Exercise directions — Only the lines below from the one containing "گلگت : شجر کاری" through the one containing "Huawei P Smart 2021 Fiyat" belong in the answer, set down exactly, with the pictures left out.

***** Records shown *****

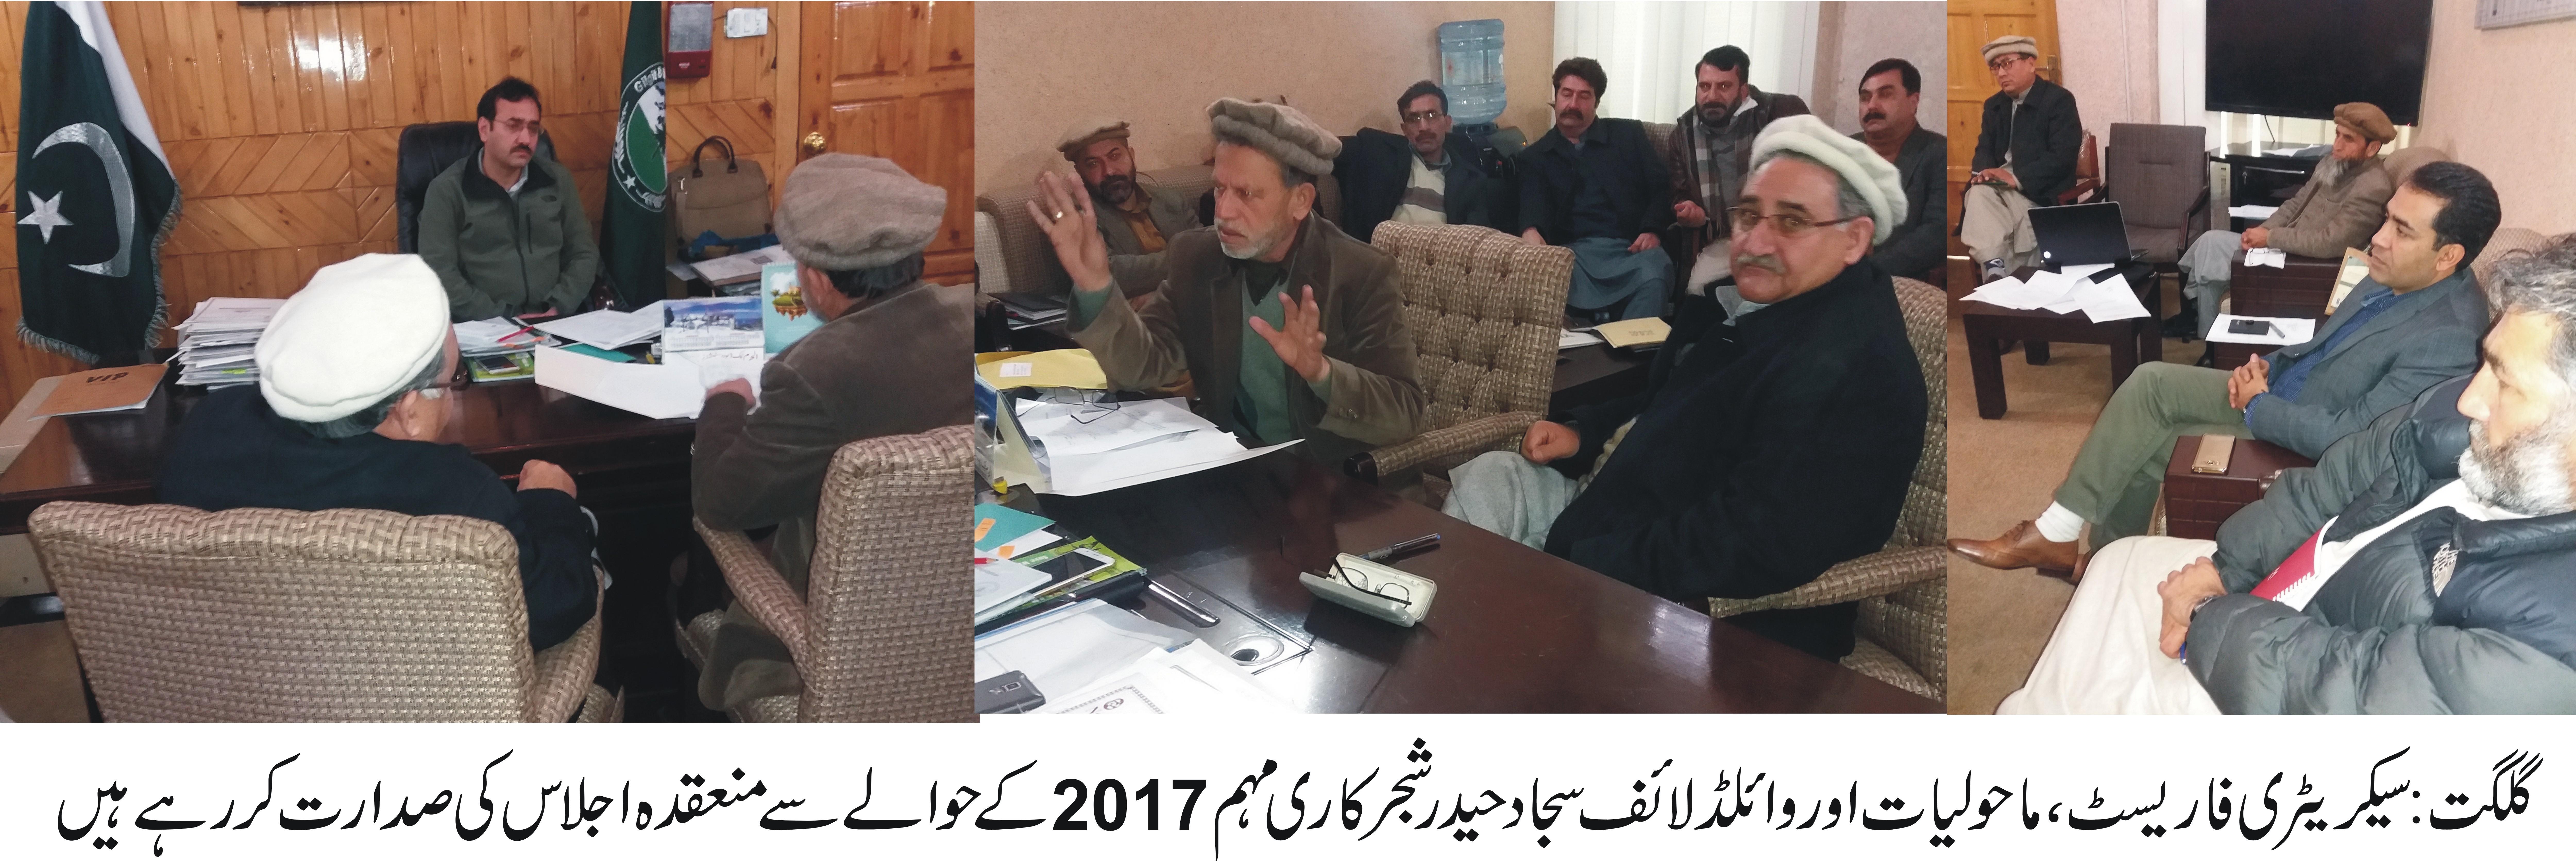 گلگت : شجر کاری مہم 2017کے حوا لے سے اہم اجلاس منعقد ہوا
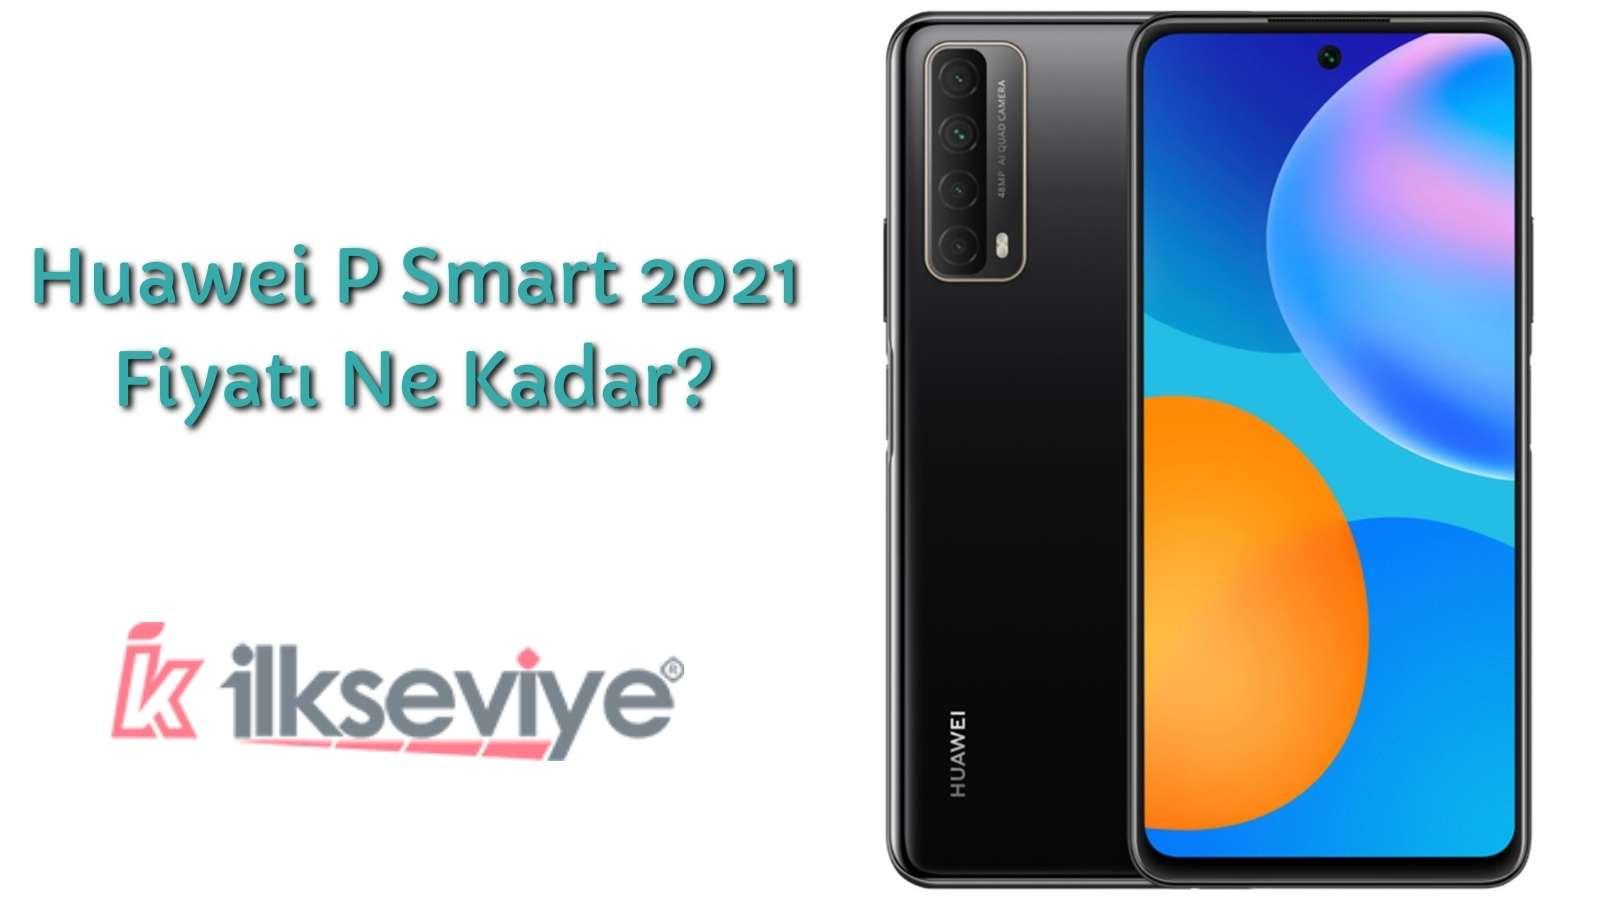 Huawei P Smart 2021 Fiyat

*****
***** Records shown *****

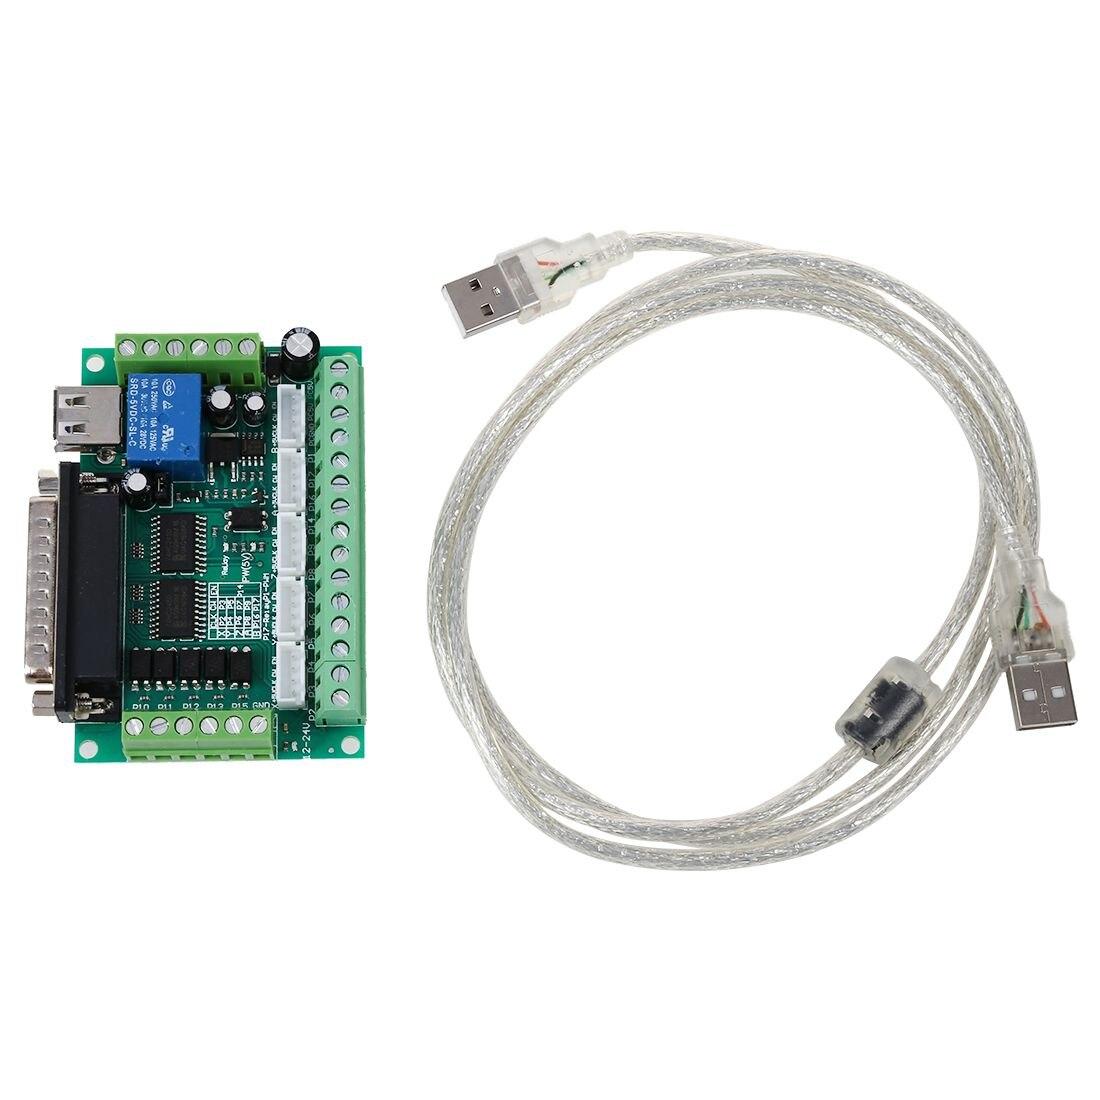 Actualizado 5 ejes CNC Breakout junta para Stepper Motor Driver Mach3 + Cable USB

*****

Response to the task —
 گلگت : شجر کاری مہم 2017کے حوا لے سے اہم اجلاس منعقد ہوا
 Huawei P Smart 2021 Fiyat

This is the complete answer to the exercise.